Home | About | Sematext search-lucene.com search-hadoop.com
 Search Hadoop and all its subprojects:

Switch to Plain View
HDFS, mail # user - RE: spawn maps without any input data - hadoop streaming


Copy link to this message
-
RE: spawn maps without any input data - hadoop streaming
Devaraj k 2013-07-17, 03:30
Hi Austin,

                Here number of maps  for a Job  depends on the splits return by InputFormat.getSplits() API. We can have an input format which decides the number of maps(by returning the splits) for a Job according to the need.

If we use FileInputFormat, these number of splits depend on the input data for the Job, that's why you see no of mappers is proportional to the Job input size.
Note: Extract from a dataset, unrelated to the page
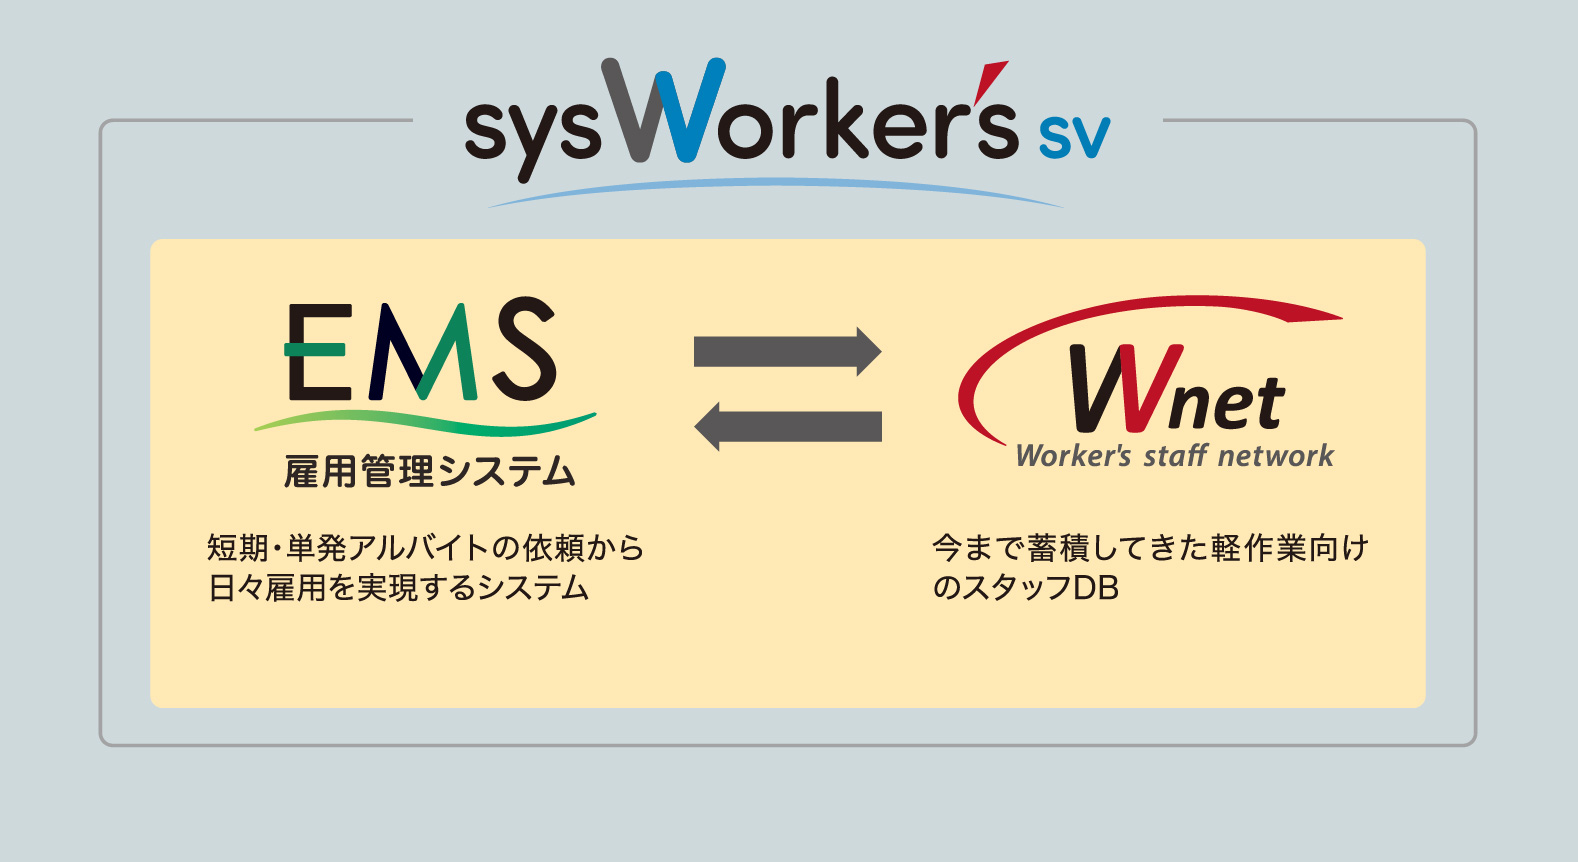 sysWorker's sv

http://hadoop.apache.org/docs/stable/api/org/apache/hadoop/mapreduce/InputFormat.html#getSplits(org.apache.hadoop.mapreduce.JobContext)

Thanks
Devaraj k

From: Austin Chungath [mailto:[EMAIL PROTECTED]]
Sent: 16 July 2013 14:40
To: [EMAIL PROTECTED]
Subject: spawn maps without any input data - hadoop streaming

Hi,

I am trying to generate random data using hadoop streaming & python. It's a map only job and I need to run a number of maps. There is no input to the map as it's just going to generate random data.

How do I specify the number of maps to run? ( I am confused here because, if I am not wrong, the number of maps spawned is related to the input data size )
Any ideas as to how this can be done?

Warm regards,
Austin